# Pendulum and spring physics

1. Mar 31, 2005

### T@P

I read about this on another post, and it got me interested. suppose you have a pendulum (say a steal bar with a weight at the bottom or something) and a spring attached to the bottom. now you take the spring and pull it all the way down. you should have the pendulum pointing straight down, and the spring extended unerneath.

what happens when you release the spring? note: it is not an 'ideal' pendulum, i.e. it is not pointing 'straight' down. therefore the spring doesnt just oscilate up and down, the pendulum moves a bit too i think.

2. Mar 31, 2005

### hemmul

what is the mass of the spring in comparison with the pendulum?

3. Mar 31, 2005

### Integral

Staff Emeritus
This is an example of a coupled system, how it behaves will depend upon the length of the pendulum, the mass on the spring and spring constant. What you will see is an exchange of energy between oscillations of the pendulum and the spring system. Thus the motion will be complex, at some point in time it will be pure pendulum motion at another point in time it will be simple spring oscillations, at other times some combination of the 2.

4. Mar 31, 2005

### jdavel

Integral,

This isn't really a "coupled system"; there's only one mass. The force (magnitude and direction) on the mass is uniquely determined by its location.

5. Mar 31, 2005

### T@P

well is there a general formula for what happens? and also, nothing especially wacky would happen? (too bad)

6. Mar 31, 2005

### Integral

Staff Emeritus
I am assuming that there is a mass at the end of the pendulum to which a spring and mass is attached to. Even if there were no mass at the end of the pendulum rod there would still be some coupling cross the densitiy change at the rod/spring interface.

7. Mar 31, 2005

### Crosson

Yes there is a formula which is very simple to apply, but it has to do with differential equations. If you have had differential equations, then you should have no problem understanding me when I say:

Define the Lagrangian L:

L = kinetic energy - potential energy

So your Lagrangian will be a function of the variables:

$$L = L (x, v , \theta , \omega )$$

Which are, in order: Position of the spring, velocity of the spring, (angular) position of the pendulum, (angular) speed of the pendulum.
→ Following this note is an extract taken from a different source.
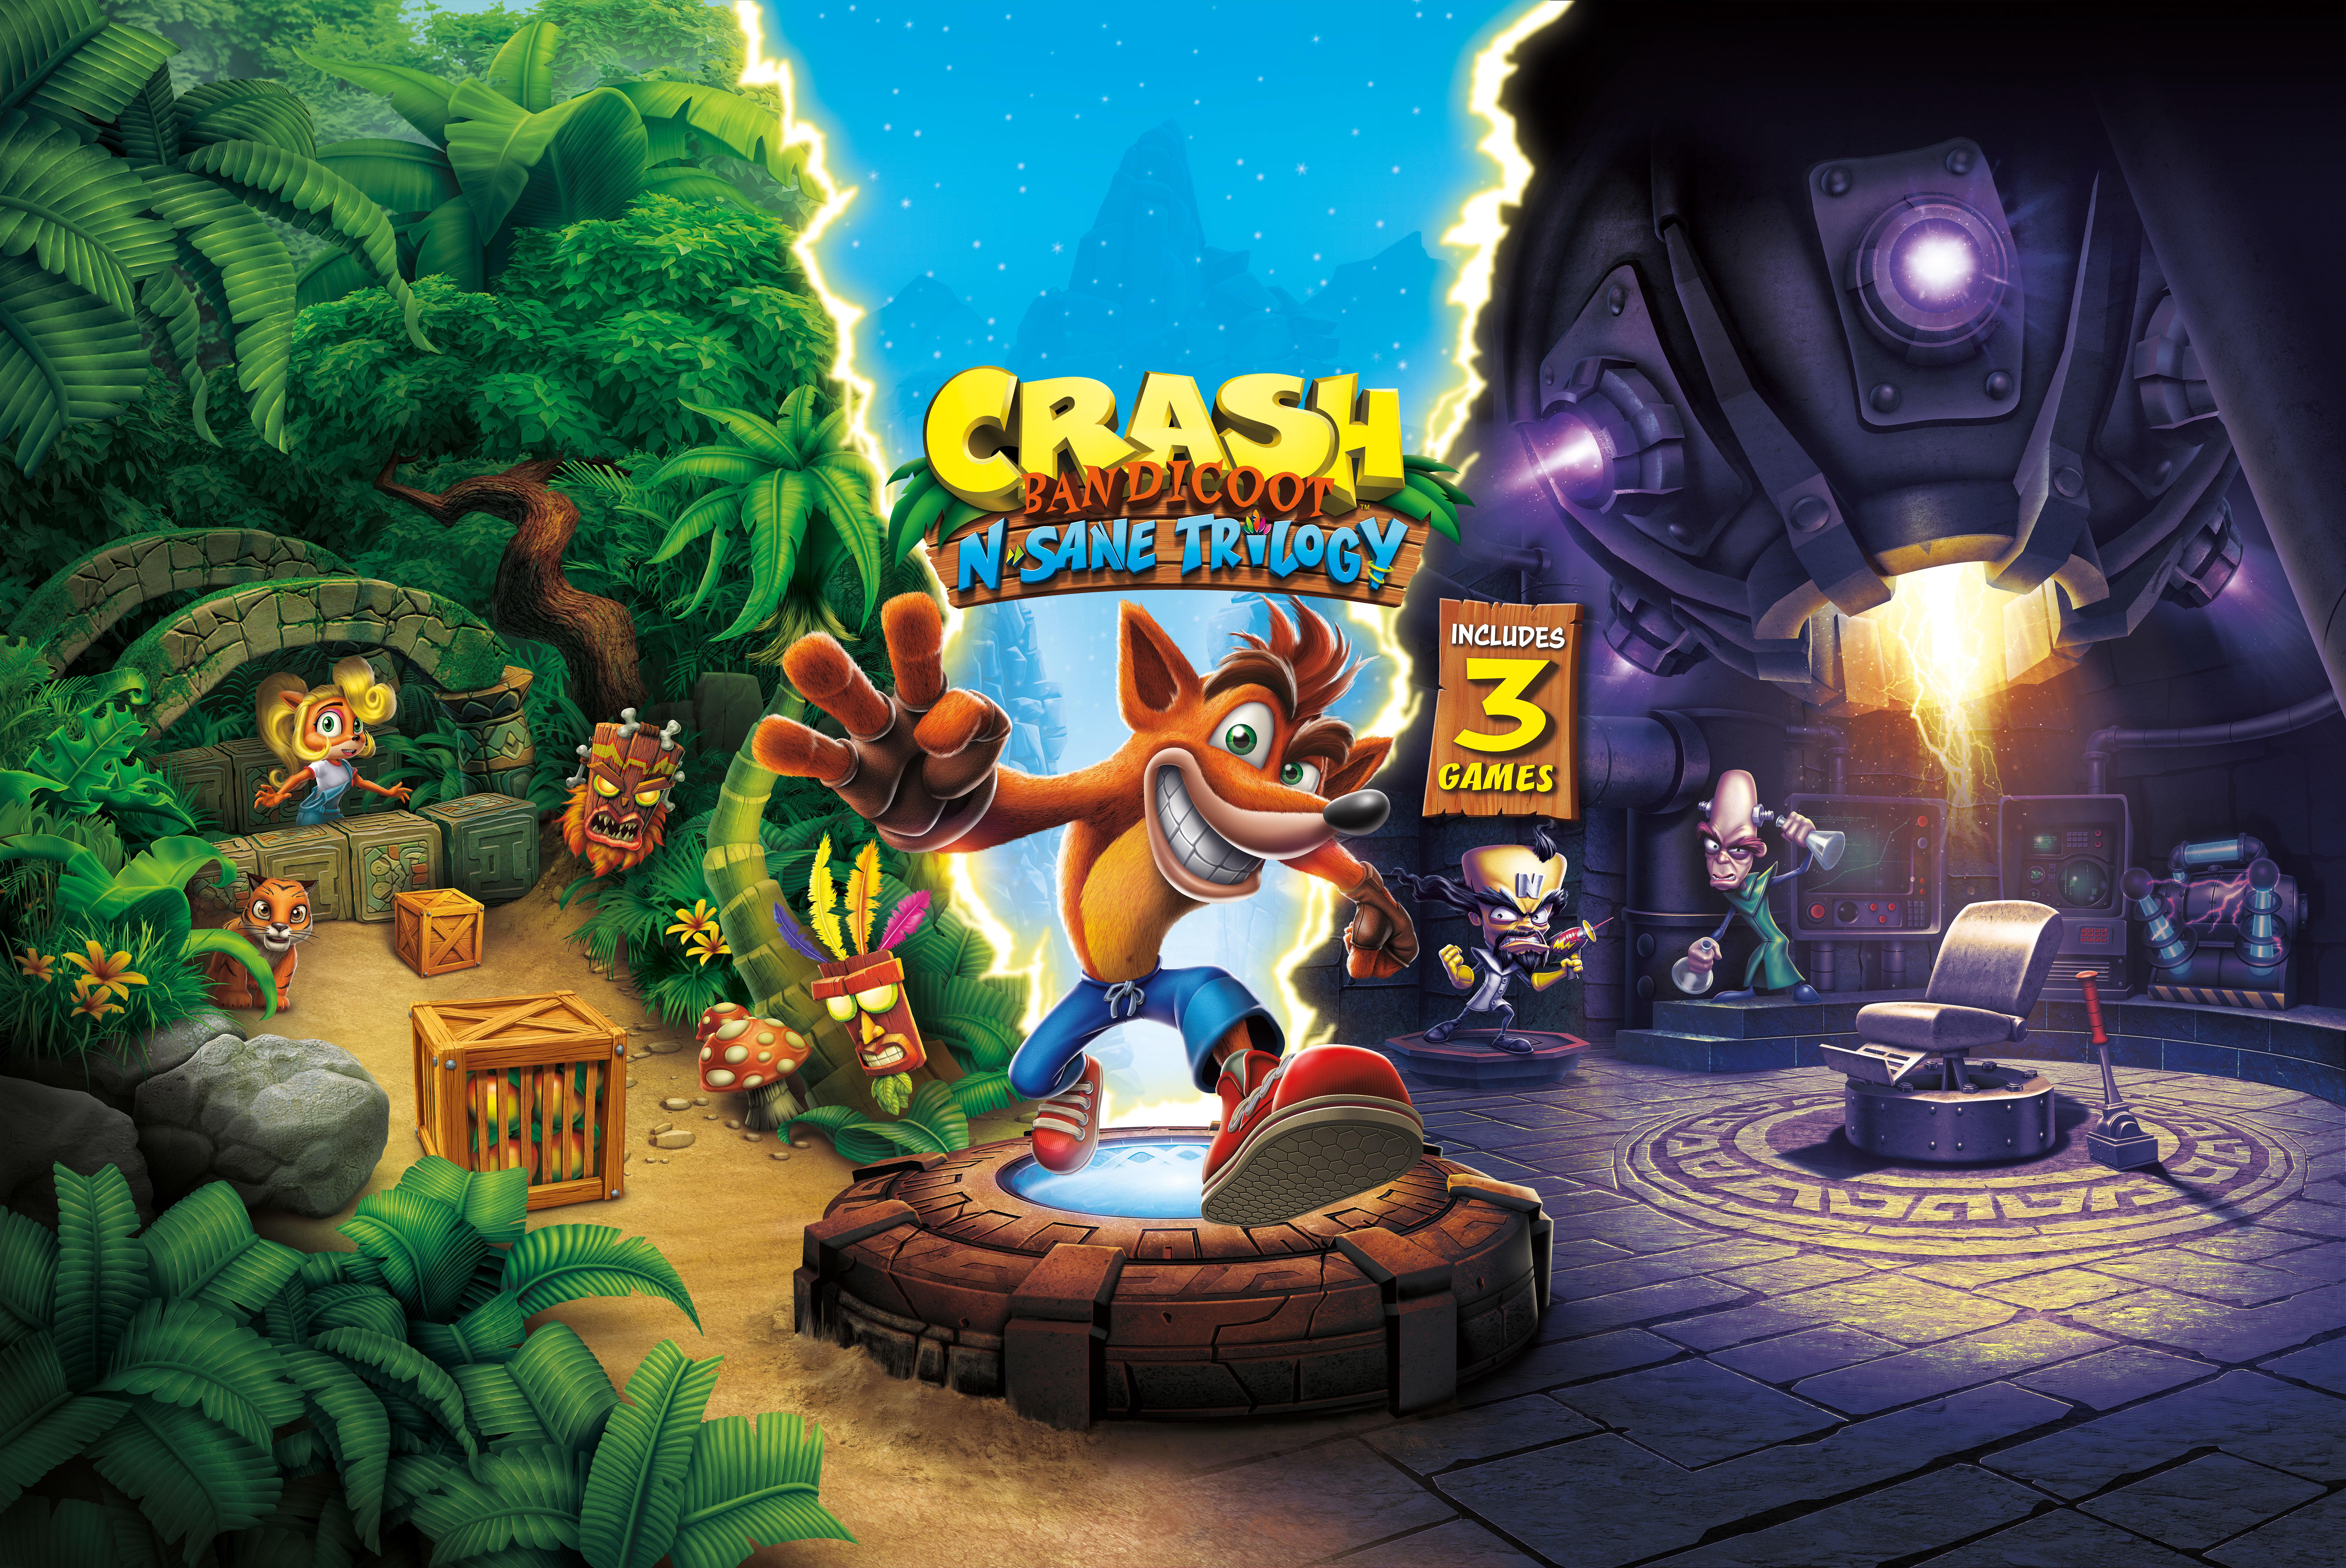 Crash Bandicoot N. Sane Trilogy - Crash Bandicoot N. Sane Trilogy 9K, Арт

These are the four variables that you would like to know as a function of time. To find the functions, you need a (differential) equation of motion. Here it is:

$$\frac{\partial{L}}{\partial x} - \frac{d}{dt} (\frac{\partial{L}}{\partial v}) = 0$$

$$\frac{\partial{L}}{\partial \theta} - \frac{d}{dt} (\frac{\partial{L}}{\partial \omega}) = 0$$

So, just plug and chug :)

8. Mar 31, 2005

### Integral

Staff Emeritus
Actually the motion should be very interesting, and since the system would/could be non linear you may find chaotic.

This type of system is often solved using Lagrangian Dyanmics. See this thread for an example of how this works.